DUBAI (Reuters) - The Islamic State suicide bomber who carried out an attack on a Shi'ite mosque in the Saudi city of Najran on Monday threatened Shi'ites and Saudi soldiers, according to a posthumous audio message purportedly by the attacker.
Najran, close to the Yemeni border, is the historic center of the Ismailis, a Shi'ite sect which has long complained of victimization by Wahhabis, who follow the Saudi state's prevailing school of Sunni Islam.
The 3-minute message, which showed a picture of a man with his face covered, circulated on Islamic State-affiliated Twitter accounts on Tuesday. Reuters could not verify its authenticity.
"My first message is a threat to the rejectionist Ismailis ... you will not enjoy life in the Peninsula," the man, identified as Abu Ishaq al-Hijazi, said, referring to the Arabian Peninsula.
"My second message, to the soldiers of the tyrant who protect the polytheists and their temples in (Saudi Arabia) ... you will not be safe in your homes or your offices and we'll target you as long as the planes of your guardian hit Muslims with Crusader planes in Iraq and Syria."
Saudi Arabia is part of a U.S.-led coalition against Islamic State militants that has carried out a campaign of air strikes against the militants, who have seized parts of Syria and Iraq.

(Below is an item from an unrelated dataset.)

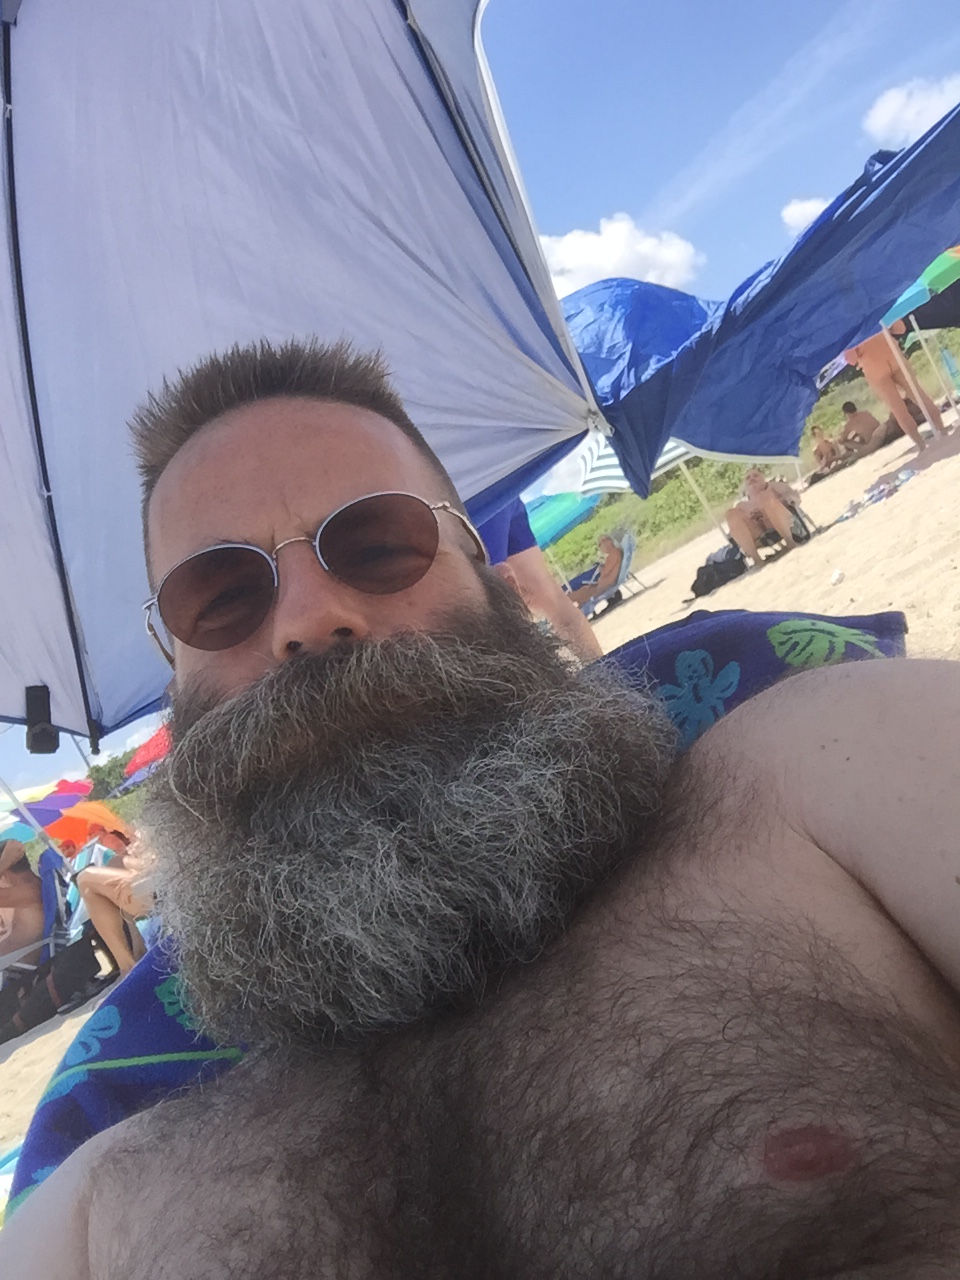 Naked Beach - A day at the beach | Fearsome Beard

The group is bitterly opposed to Gulf Arab rulers and is seen as trying to stir up sectarian confrontation on the Arabian Peninsula to bring about the overthrow of ruling dynasties.
Monday's suicide bombing, which Islamic State said had targeted the "rejectionist Ismailis", killed one man and wounded several others.
Saudi Arabia has been hit by a spate of deadly shooting and bomb attacks in the last few months, many of them laid at the door of Islamic State, which has urged young Saudi Sunnis to attack targets including Shi'ites.